Аутентичные, подлинные религии… Здесь мы опять же можем выделить две категории – теистические и нетеистические религии. Если говорить о философии, то между этими двумя категориями религий есть очень большие различия. С точки зрения теистических религий, последователи нетеистических учений являются людьми неверующими. Некоторые фундаменталисты из числа последователей теистических религий считают буддизм атеизмом. Иногда они говорят, что буддизм и коммунизм одного поля ягоды. Но на самом деле это не так. В действительности, у буддистов есть своя вера. Буддизм ни в коей мере нельзя приравнять к атеизму. Атеизм означает «против бога». Буддизм не признает концепции бога-творца, но он не против бога. 

Несмотря на различия в философии, и теистические, и нетеистические учения едины в своем послании к людям. Они призывают их к любви, состраданию, умению прощать, терпимости, самодисциплине, простоте и умению довольствоваться малым. Они едины в своем послании. 

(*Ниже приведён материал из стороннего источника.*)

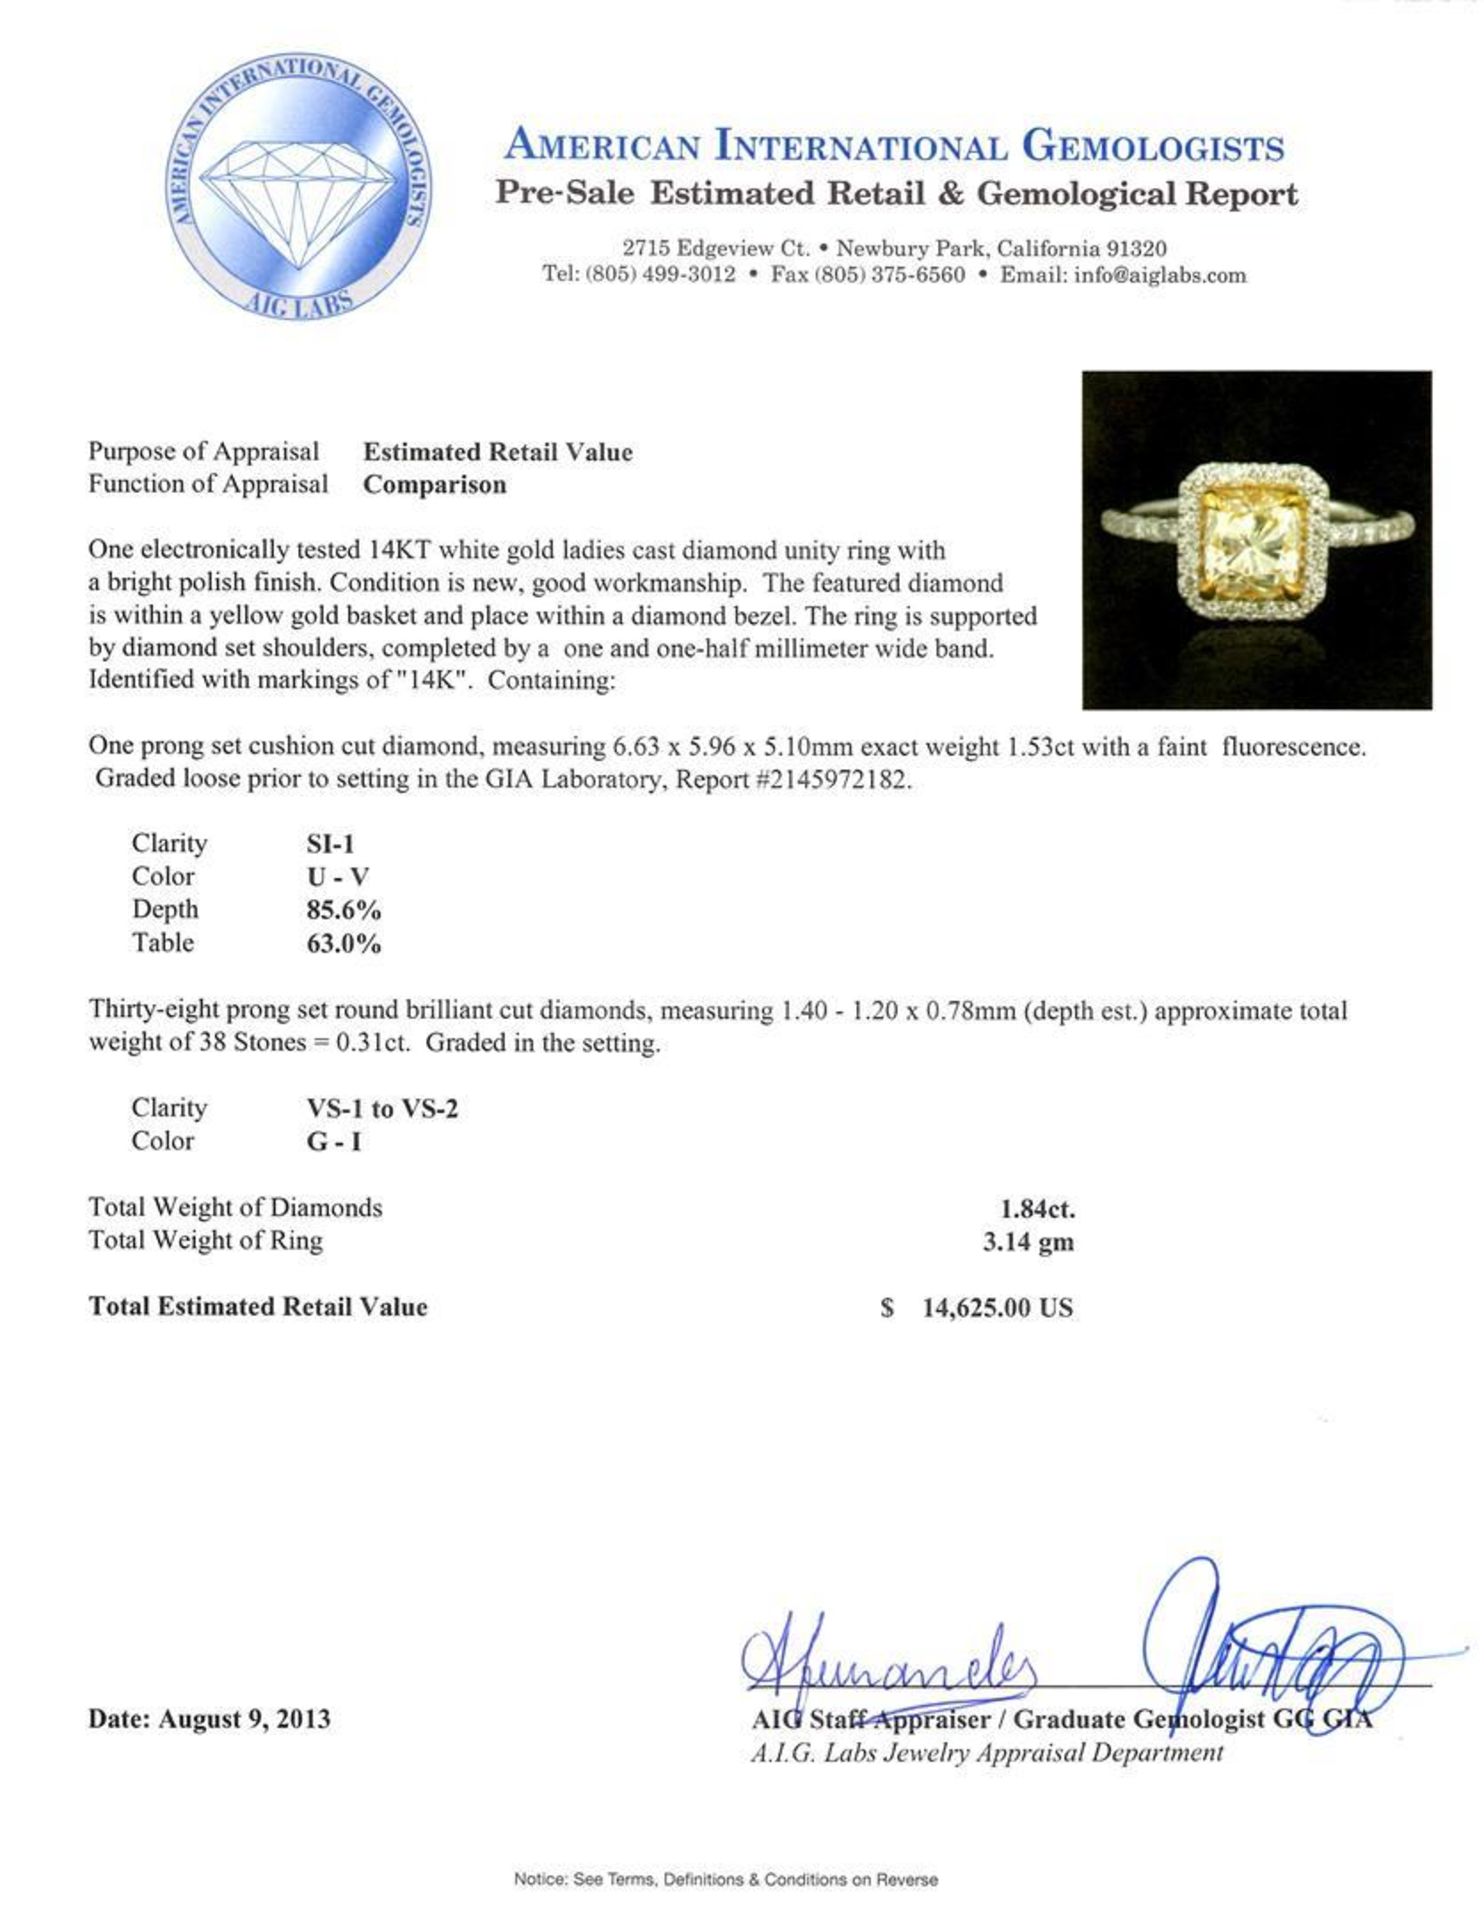 14KT White Gold 1.53ct SI-1/U-V Diamond Ring - Image 3 of 4

Аутентичные религии можно разбить еще на две категории. Одни верят лишь в правоту своей собственной веры. Для них остальные традиции попросту не являются духовными. Это происходит в силу недостатка взаимодействия. Рассмотрим мой случай. Когда я жил в Тибете, у меня было очень мало информации о ценности других религий. Потом, когда мы стали беженцами, несколько раз нам доводилось встречаться с хорошими христианами, хорошими мусульманами, хорошими индуистами, хорошими иудеями. Тогда наше отношение ко всем этим традициям изменилось. Мы поняли – существует не только буддизм, но еще много других традиций, и во всех них заложен одинаковый потенциал, все они несут единое послание, а посему мы должны уважать все традиции. 

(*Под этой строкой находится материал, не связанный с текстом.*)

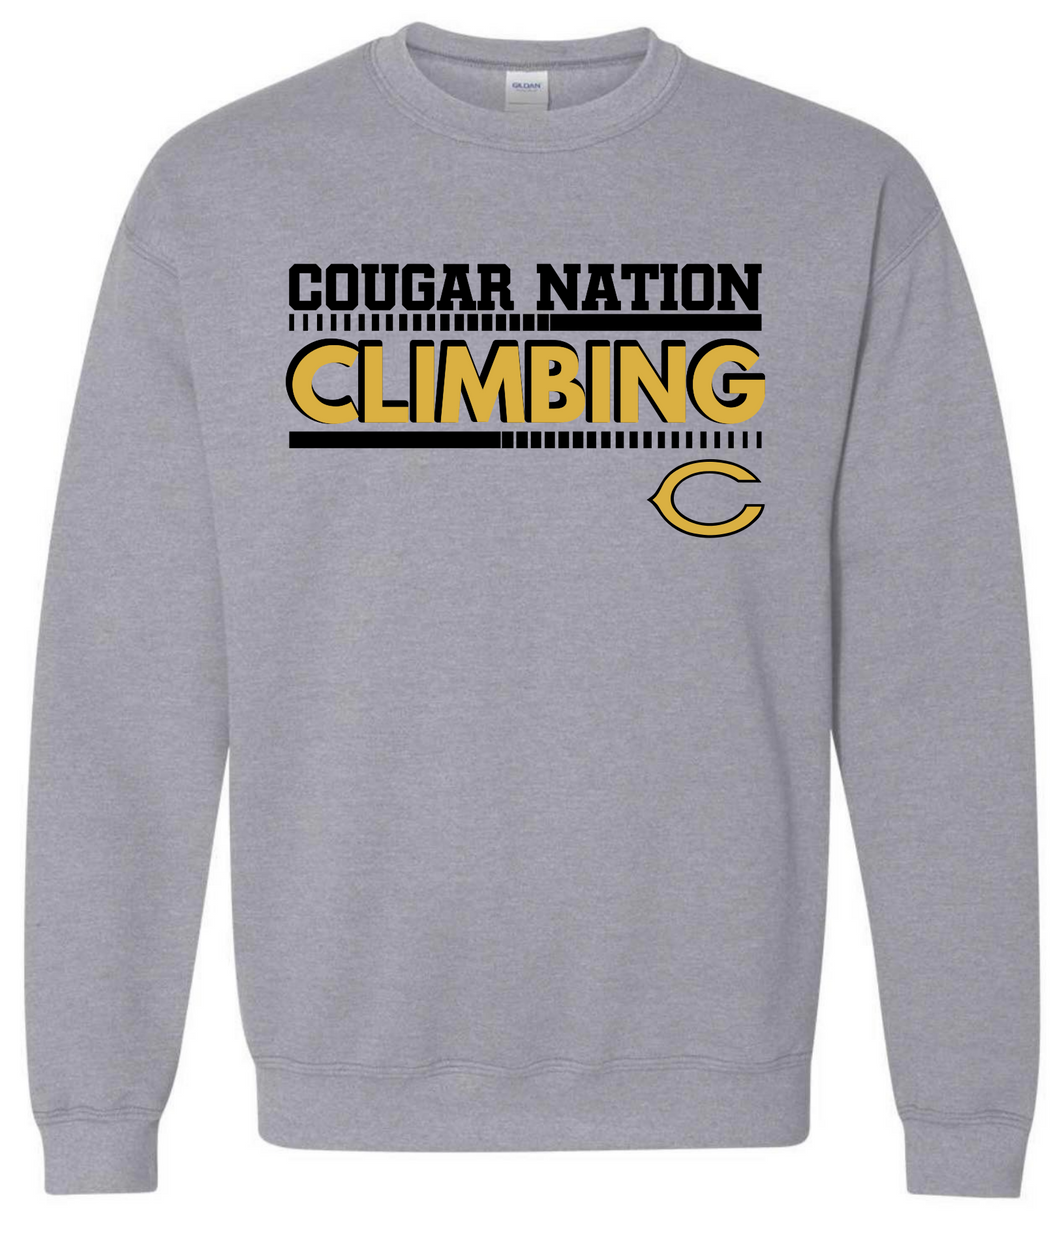 Cougar Nation Climbing Sweatshirt

Тут нужно обозначить еще один аспект. Существует две концепции, которые противоречат друг другу. Первая: «Есть только одна религия, которая несет истину» и вторая: «У каждой религии своя истина». Если мы говорим об индивидуальной личности, то здесь жизненно важно придерживаться первой концепции «Одна религия – одна истина». Например, для меня как отдельной личности более всего подходит буддизм. Для меня буддизм единственная приемлемая религия. Но сейчас в этом зале одновременно собрались и буддисты, и христиане. Может быть, есть мусульмане? Иудеи? И если мы рассуждаем с точки зрения человеческого сообщества, тогда вступает в действие вторая концепция: «Много религий – много истин». Я должен уважать другие традиции - таково реальное положение вещей. Ведь, как я говорил выше, все религии едины в своем послании к людям, все они обладают равным потенциалом, и, следовательно, я должен относиться к ним с уважением, ценить их, восхищаться ими. 

Итак, на самом деле, нет противоречия между концепциями «Одна религия – одна истина» и «Много религий – много истин». На уровне человеческого сообщества мы придерживаемся концепции «Много религий – много истин», плюрализма. На уровне отдельной личности действует концепция «Одна религия – одна истина» - необходимо выбрать одну религию. 

- Кажется, что религия утрачивает свое значение в современном мире. Верующих становится все меньше, но больше тех людей, которые защищают права других людей, выступают против насилия, заботятся об экологии. Может быть, в современном мире изменить мир к лучшему, спасти мир может уже не религия, а альтруистическое, гуманистическое движение?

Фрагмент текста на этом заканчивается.